**PROVIDED DATA**
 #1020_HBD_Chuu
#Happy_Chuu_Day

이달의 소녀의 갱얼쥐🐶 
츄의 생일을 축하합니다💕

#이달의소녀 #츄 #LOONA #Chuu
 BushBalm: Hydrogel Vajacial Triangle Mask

==

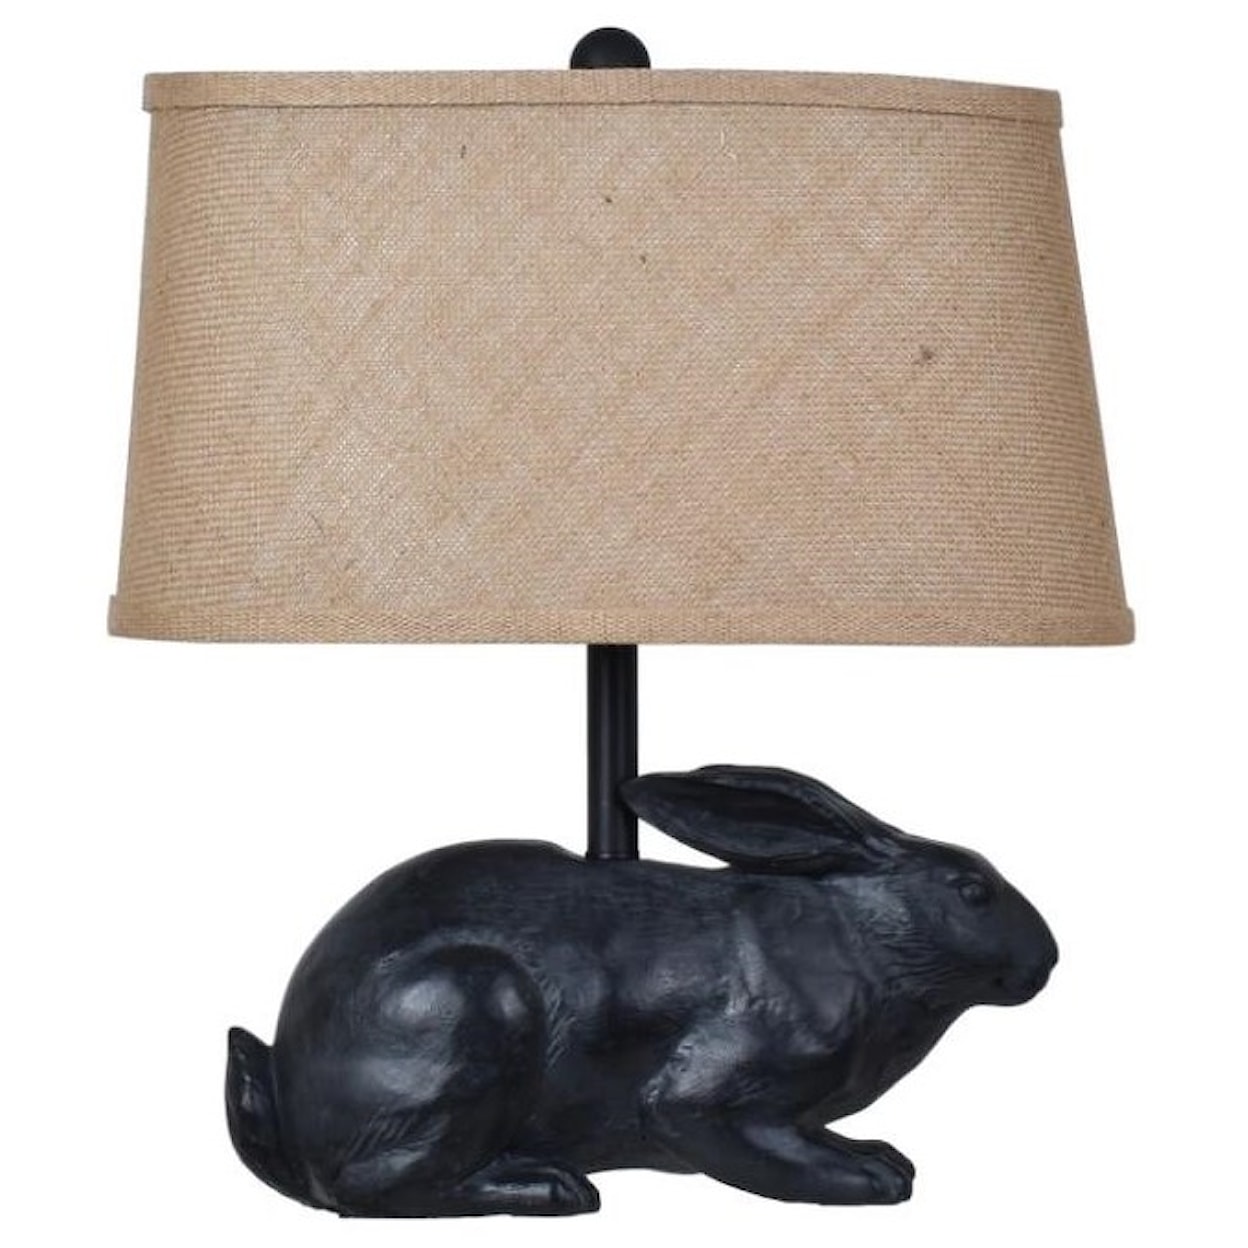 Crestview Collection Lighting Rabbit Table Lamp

---

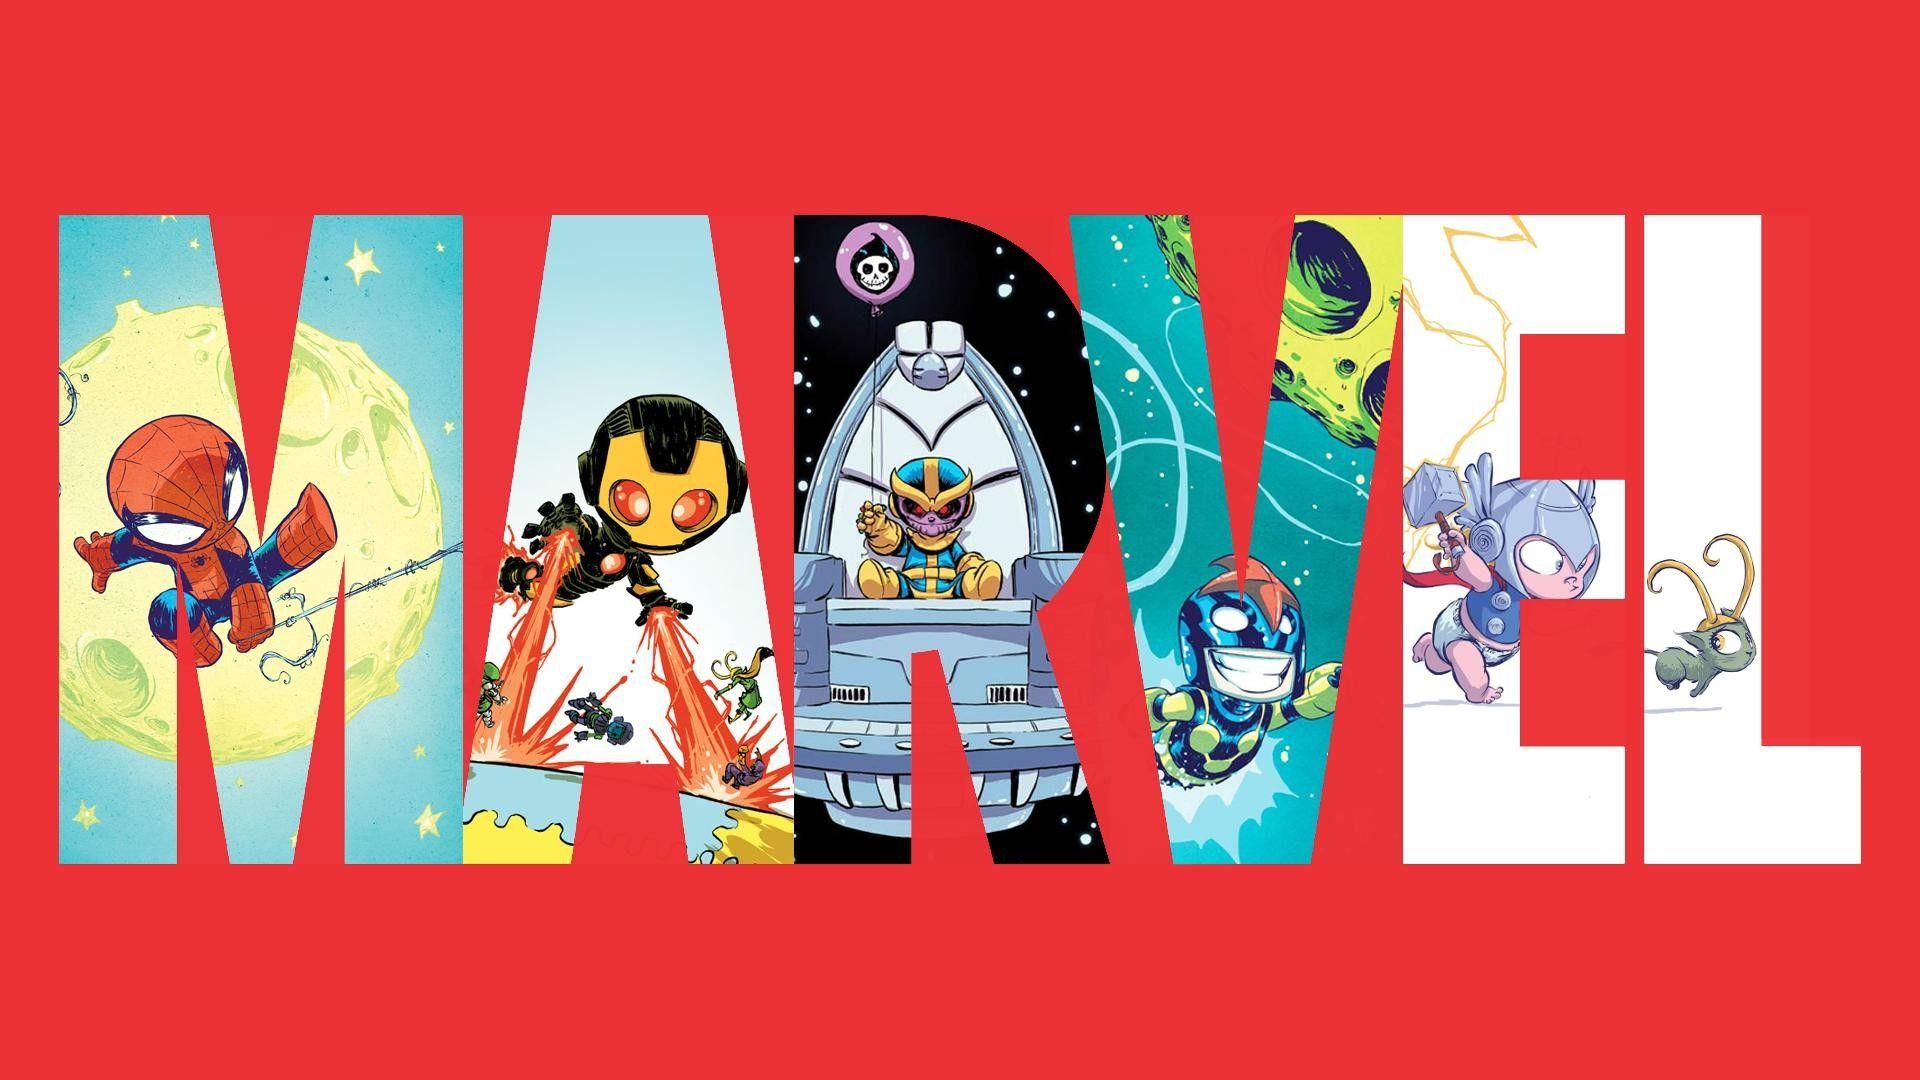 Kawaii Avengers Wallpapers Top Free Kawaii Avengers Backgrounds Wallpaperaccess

**PROBLEM DETAILS**
Transcribe the records above from the line holding "#1020_HBD_Chuu" down to the line holding "BushBalm: Hydrogel Vajacial Triangle Mask", inclusive, without adding anything.

**FINISHED EXERCISE**
 #1020_HBD_Chuu
#Happy_Chuu_Day

이달의 소녀의 갱얼쥐🐶 
츄의 생일을 축하합니다💕

#이달의소녀 #츄 #LOONA #Chuu
 BushBalm: Hydrogel Vajacial Triangle Mask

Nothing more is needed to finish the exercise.